Старики Туше добавили к бабушкиному списку компьютер и проживают каждый день как последний — в доброжелательности, снисхождении, любви и радости. Дай нам Бог мудрости жить в старости так же, а им долгие-долгие лета.
Глава двенадцатая БУДЬТЕ ЗДОРОВЫ
В несмолкающий ни днем ни ночью монотонный гул авто на парижских улицах постоянно вплетается высокий вой сирен машин «скорой помощи», называемых во Франции «амбюланс». Меня он не тревожит, а успокаивает. Несутся амбюланс с дикой скоростью, машины перед ними услужливо расступаются, у врачей наготове все необходимое для реанимации — от одного этого начнешь лучше себя чувствовать. Репутация у французских врачей отличная. Как говорил похожий на маленький шкаф из каменного
У каждой парижской семьи есть свой врач-терапевт. Принимают терапевты в частных кабинетах и берут за консультацию 22 евро. В случае надобности могут за дополнительную плату приехать к пациенту на дом. Вызывает старушка своего молодого врача-терапевта и встречает его на пороге.
— Что с вами приключилось, дорогая мадам?
— Не могли бы вы поменять лампочку в прихожей, молодой человек. Мне в восемьдесят четыре года забраться на стул не так-то просто! — дребезжит старушка.
— Конечно, мадам. Давайте новую лампочку. Да будет свет! Так что же с вами приключилось?
— Ничего. Просто нужно было поменять лампочку. Электрика пришлось бы ждать неделю, счет он выставит в 100 евро, и никто мне мои денежки не вернет. А вы сразу пришли, все сделали за полцены и страховка возместит расходы. Спасибо, доктор!
…Лечение и консультации у специалистов во Франции оплачиваются государственной страховкой ( securite sociale). Возникла она благодаря генералу де Голлю, национализировавшему для этого 34 страховые компании, но поначалу на нее имели право лишь работающие и их родные. А 5 мая 1999 года Национальной ассамблеей был принят закон об универсальной государственной страховке, причем для безработных бесплатными стали и лечение, и лекарства. Работающим универсальная страховка возмещает 70 процентов, а остальную часть расходов берет на себя взаимная страховка ( mutuelle), за которую они ежемесячно платят. Она покрывает и дорогущее лечение зубов… Терапевты обычно принимают пациентов без записи. К прочим специалистам, работающим в частных кабинетах в городе, нужно записаться за несколько дней. (Если у постоянного пациента ЧП, то врач всегда постарается принять его вне очереди.) Приема у специалиста, работающего в госпитале, приходится ждать иногда несколько недель. А если пациент хочет проконсультироваться у известного профессора, то должен набраться терпения, запись к светилам — за полгода вперед. Есть, конечно, возможность ускорить процесс, попросившись на частный прием, но это могут себе позволить не все — такая консультация стоит от 100 до 200 евро и страховка покроет лишь часть суммы. Независимо от реноме все французские врачи щедры на рецепты. Франция — чемпион Европы по приему антибиотиков.

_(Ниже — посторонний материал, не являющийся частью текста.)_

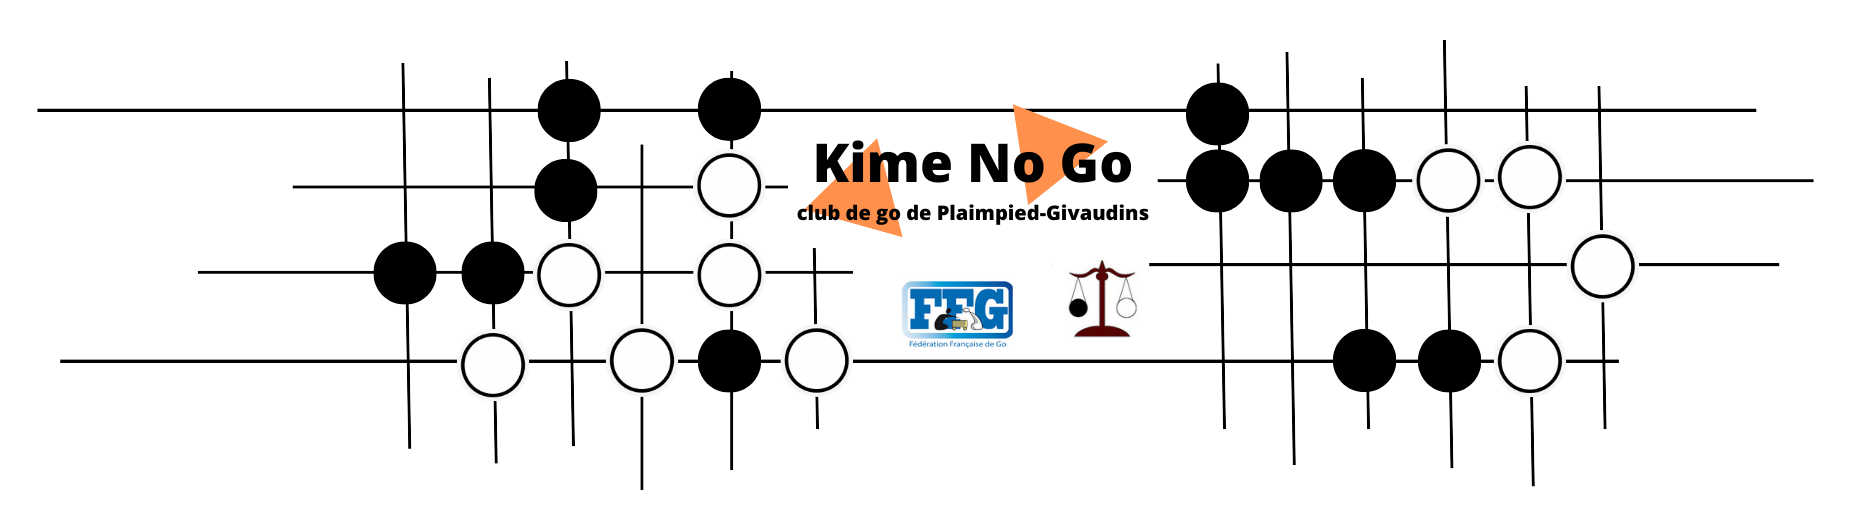 Kime No Go

Смертность в Париже и окрестностях несколько ниже, чем по Франции, зато причиной смерти чаще становится рак груди, рак легких и СПИД — дань городскому образу жизни. Каждый пятый ребенок подвержен аллергиям или болеет астмой. Виной тому загазованный воздух.

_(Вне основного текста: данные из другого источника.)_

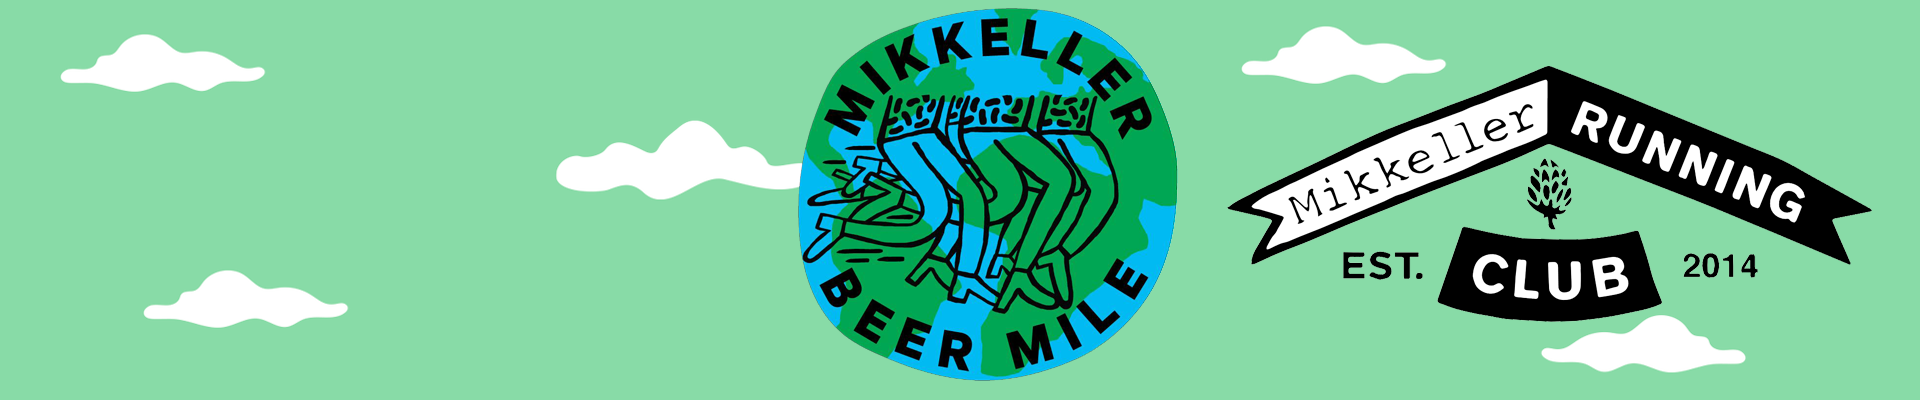 Mikkeller Beer Mile - Aarhus 2019

Четверть парижан страдает депрессиями и фобиями. Причина часто кроется в несоответствии реальности с идеалом, к которому парижане стремятся. Идеал — это преуспевающий человек У тебя не процветает дело? Ты не занимаешь высокий пост? Получаешь низкую зарплату? Нет просторной квартиры? Потерял работу?! Значит, ты никчемный неудачник Психолог не всем доступен — страховка считает психоанализ не лечением, а занесенной из Америки блажью для истеричных дамочек и платить за него отказывается. Почти все психиатры выписывают пациентам таблетки. Перестав глотать лекарства, многие снова входят в депрессию. Некоторые заканчивают жизнь самоубийством. Среди парижан от 15 до 45 лет самоубийство — вторая причина смертности после СПИДа. 17 процентов умерших в Париже в возрасте от 15 до 34 лет — самоубийцы. Мужчины накладывают на себя руки чаще, чем женщины. На 455 случаев, зарегистрированных в столице в 1990 году, 277 мужчин и 178 женщин. Данные эти сильно занижены — в Париже регистрируется лишь четверть произошедших самоубийств. Недавно была создана круглосуточная служба психологической помощи «Paris suiscide», но о том, что самоубийц во французской столице становится все больше, было известно давно.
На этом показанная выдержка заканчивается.